In the books, the Three-Eyed Raven tells Bran he cannot change the past—he can only observe via visions. “You cannot speak to him, try as you might,” he says instructing the young Stark. “I know. I have my own ghosts, Bran. A brother that I loved, a brother that I hated, a woman I desired. Through the trees, I see them still, but no word of mine has ever reached them.” But there are hints in the books that through his visions, dreams, and connection to the Weirwood trees, Bran has been able to make (light) contact with both Theon and Jon Snow. And Hempstead Wright seemed to confirm these hints telling Entertainment Weekly that Bran’s “starting to make use of the visions and starting to discover he can interact with the past — he’s like Doctor Who.
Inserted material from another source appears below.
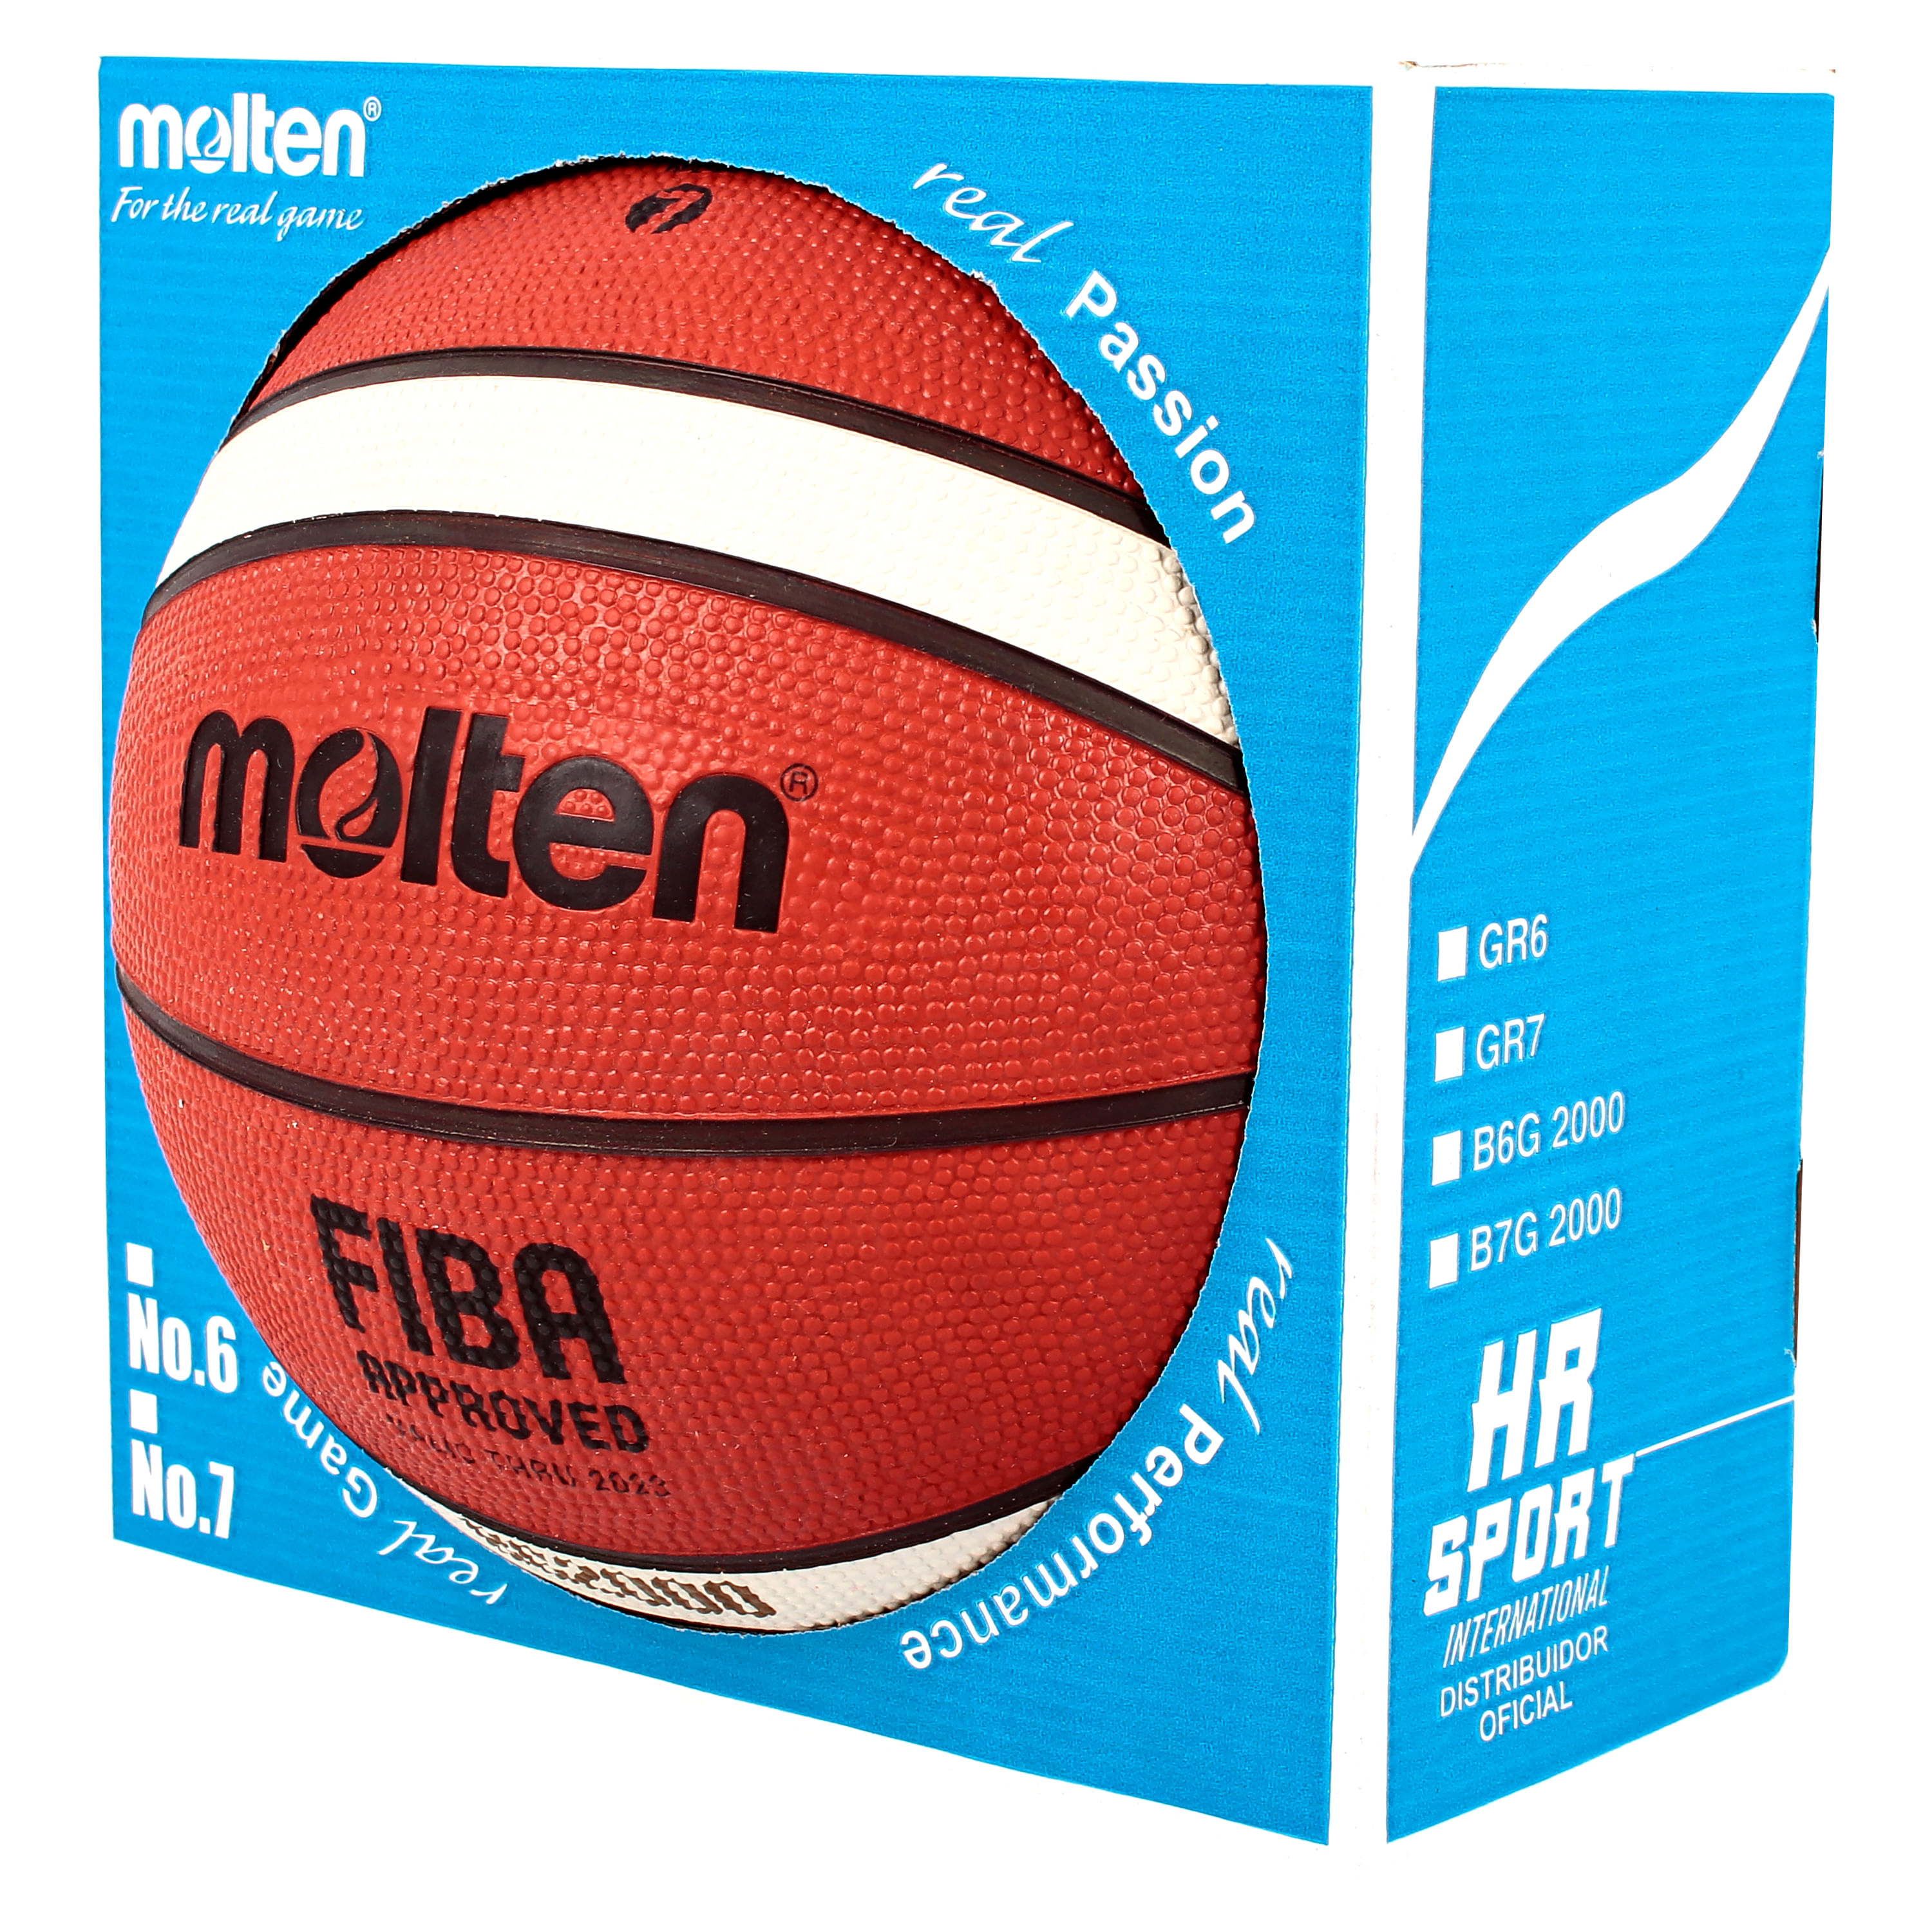 Comprar Balon Baloncesto Molten Gr7

It’s Doctor Bran!” The episode title, “Home,” likely refers to Winterfell where the beginning of Bran’s time-traveling training will take place.

So was the Three-Eyed Raven lying to Bran or just unaware of the strength of the Stark kid’s powers? Is Bran’s new mentor friend or foe? It’s unclear. Brynden’s convivial relationship with the Children of the Forest (those elfin, grenade-lobbing creatures we met in Season 4) seems to indicate that he’s on the side of good. But there is a foreboding passage about him in George R.R. Martin’s “A Dance with Dragons.” Melisandre (who is, yes, the definition of an unreliable narrator and not exactly sympathetic) sees the Bloodraven in a vision:

A face took shape within the hearth. Stannis? [Melisandre] thought, for just a moment … but now, these were not his features. A wooden face, corpse white. Was this the enemy? A thousand red eyes floated in the rising flames. He sees me. Beside him, a boy with a wolf’s face threw back his head and howled. The red priestess shuddered. Blood trickled down her thigh, black and smoking.

If the Bloodraven can have that kind of impact on someone as powerful as Melisandre in a vision, imagine what kind of ripples he will make when he starts taking action in this week’s episode? Tune in to find out.